Художник XX века не раз попытается, уходя от развитой художест­венной традиции и намеренно «позабыв» привычные условности образно­го языка искусства, то ли воскресить, то ли создать заново «мифическую метафору» (вернее, ее подобие), пользуясь навыками интеллектуального бриколажа. Тут возможны самые разные пути, ведь всякое приобщение художника нашего времени к далекой архаике является фактом современ­ного искусства и зависит от индивидуального творческого замысла. М.Цветаева так заканчивает свой очерк о Волошине: «Скажу образно: он был тот самый святой, к которому на скалу, которая была им же, прибегал полечить лапу больной кентавр, который был им же, под со­лнцем, которое было им же». Макс — святой, Макс — скала, Макс — кентавр, Макс — солнце. «Скажу образно», — пишет Цветаева. Ничего себе — «образно»! На самом деле поэтическое сравнение или метафора начинают тяготеть к «до-метафоре», когда вот-вот станут неуместны всякого рода «как», «подобно», «словно» и место «перенесения» займет мифическое тождество. Цветаева-поэт — настоящий кудесник языка. Её стих обычно предельно динамичен, он едва поспевает за стремительным развитием действия, за поспешностью диалога, за порывистым чувством, за страстным напряжением лирического высказывания. Внутренняя дина­мика поэзии Цветаевой усиливается разрывами и усечениями строк и слов, скачущим, сбивчивым или «летящим» ритмом, введением в поэти­ческий текст целой россыпи наречий, которые делают явной мощную, напористую, совсем не женскую энергию стиха («Сласти — шагом. / Страсти — рысью <...> Вести — шаром, / Гости — шастом. <...> Шаром — жаром — / Жигом — граем...). Этот внутренний напор (всё взахлеб!) кажется неудержимым, когда поэт, словно сеятель — зерно, разбра­сывает горстями глаголы, существительные, наречия, которые стреми­тельно разлетаются, торопятся «прозвучать», увлекая читателя неостано­вимым потоком поэтической речи, не давая передохнуть. Цветаева легко, будто не задумываясь, переиначивает слова, иногда используя неправиль­ности простонародного языка (скорее! скорее! лишь бы выразить, выска­зать, выплеснуть!), вроде: «Так вбаливаются в любовь», или: «Мой брат по беспутству, / Мой зноб и зной...», или: «Часть — рябь. Слепь — резь! / Мне лица не занавесь!».

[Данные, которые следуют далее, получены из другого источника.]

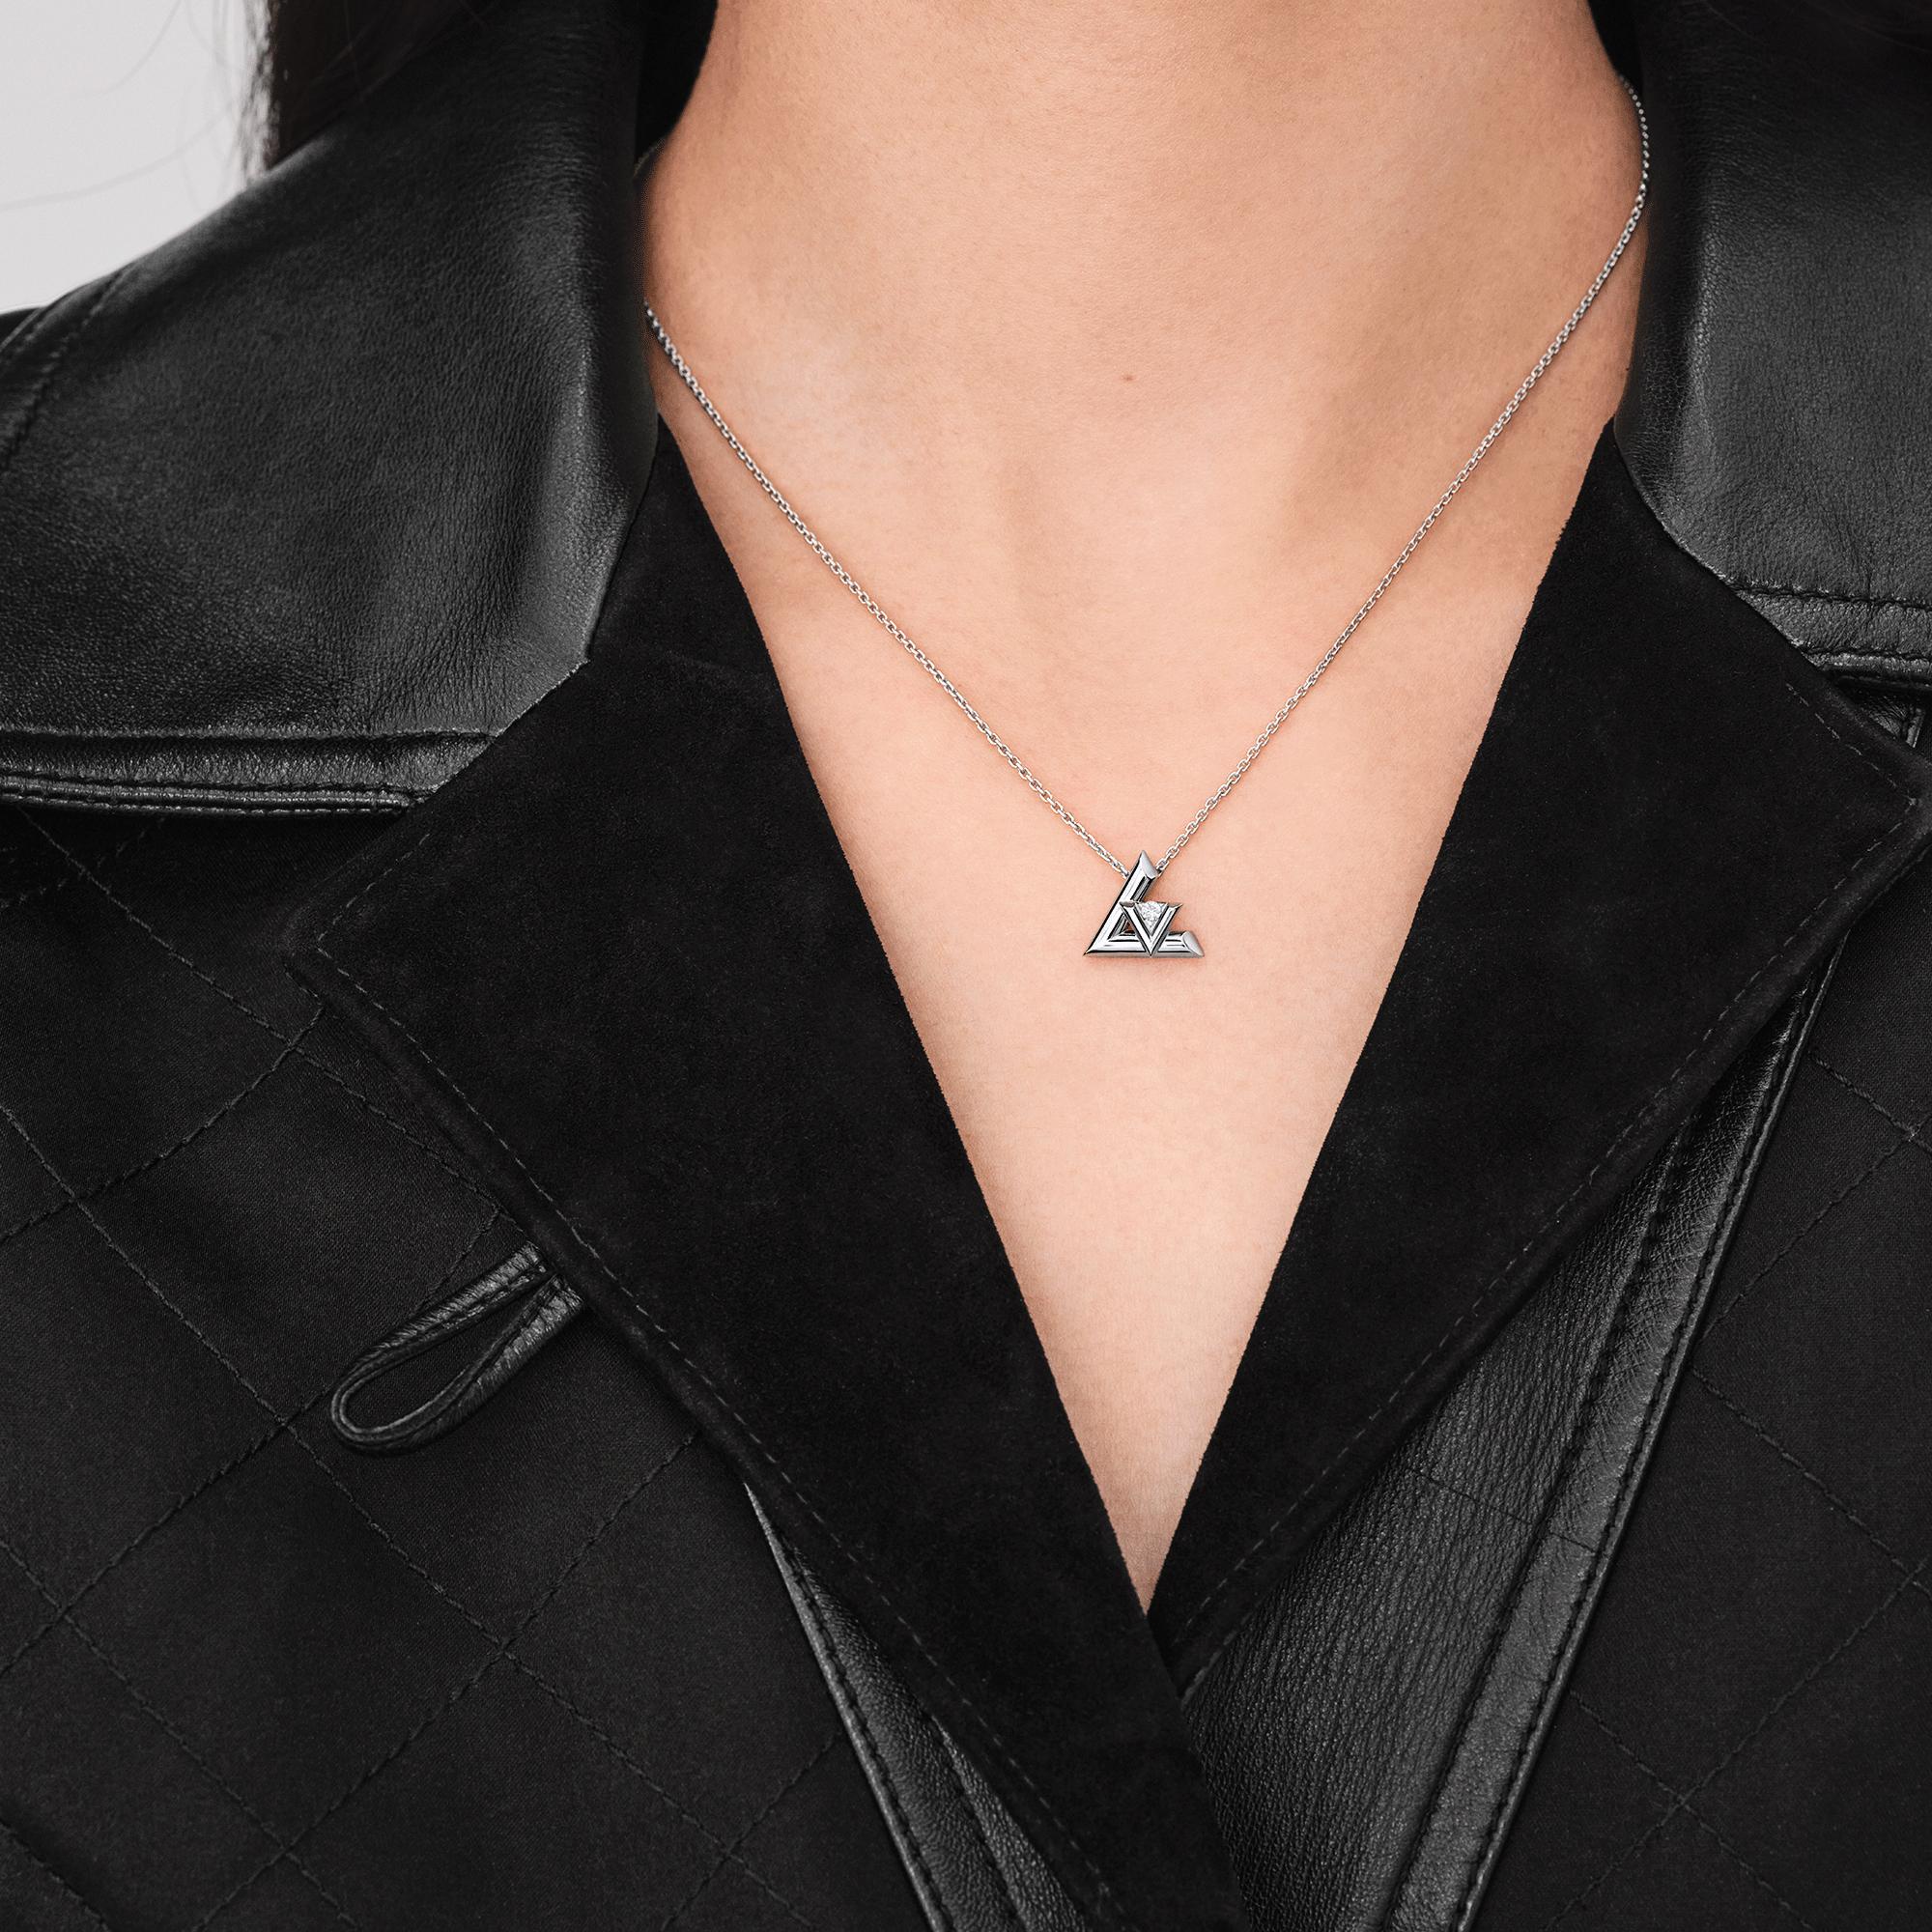 Louis Vuitton LV Volt One Small Pendant, White Gold And Diamond – Jewelry – Categories Q93806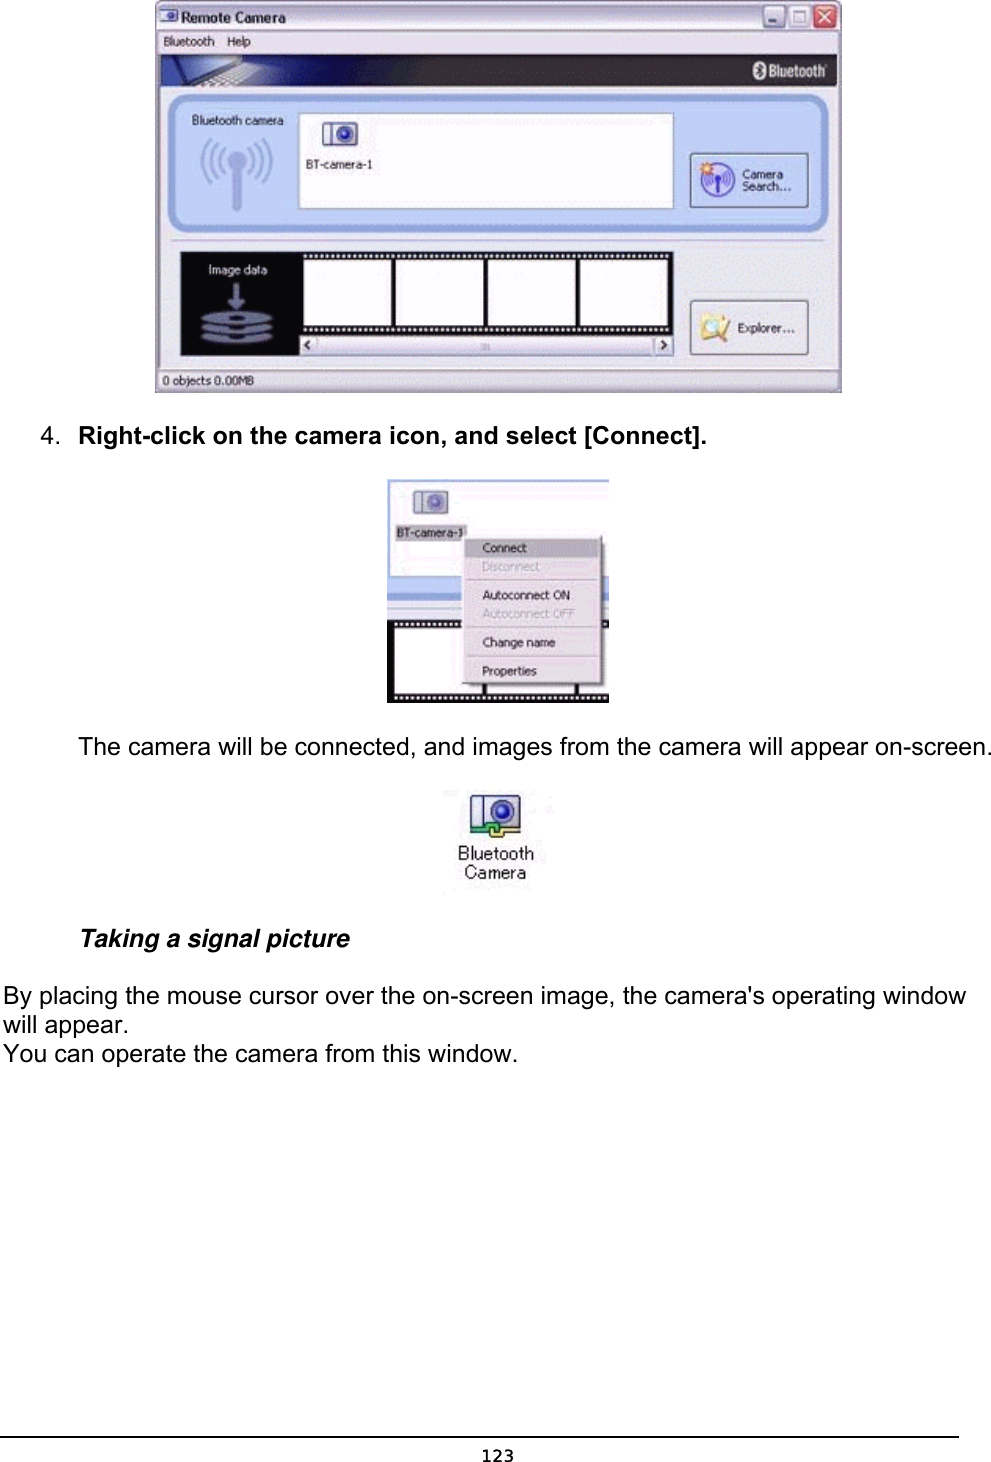   4.  Right-click on the camera icon, and select [Connect].        The camera will be connected, and images from the camera will appear on-screen.  Taking a signal picture By placing the mouse cursor over the on-screen image, the camera&apos;s operating window will appear.   You can operate the camera from this window.  123

Поэтические тропы Цветаевой многообразны, многообразны ее мета­форы: «Век мой — яд мой, век мой — вред мой. / Век мой — враг мой, век мой — ад». Конечно, подобное «перенесение» рождено острым, очень личным и очень современным восприятием. Но уже, к примеру, образ рябины, любимый цветаевский образ (образ женской судьбы, России), укорененный в народном творчестве, соотносится с древнейшими мифи­ческими образами-отождествлениями (дерево — женщина, дерево — Мать, Мать — Земля).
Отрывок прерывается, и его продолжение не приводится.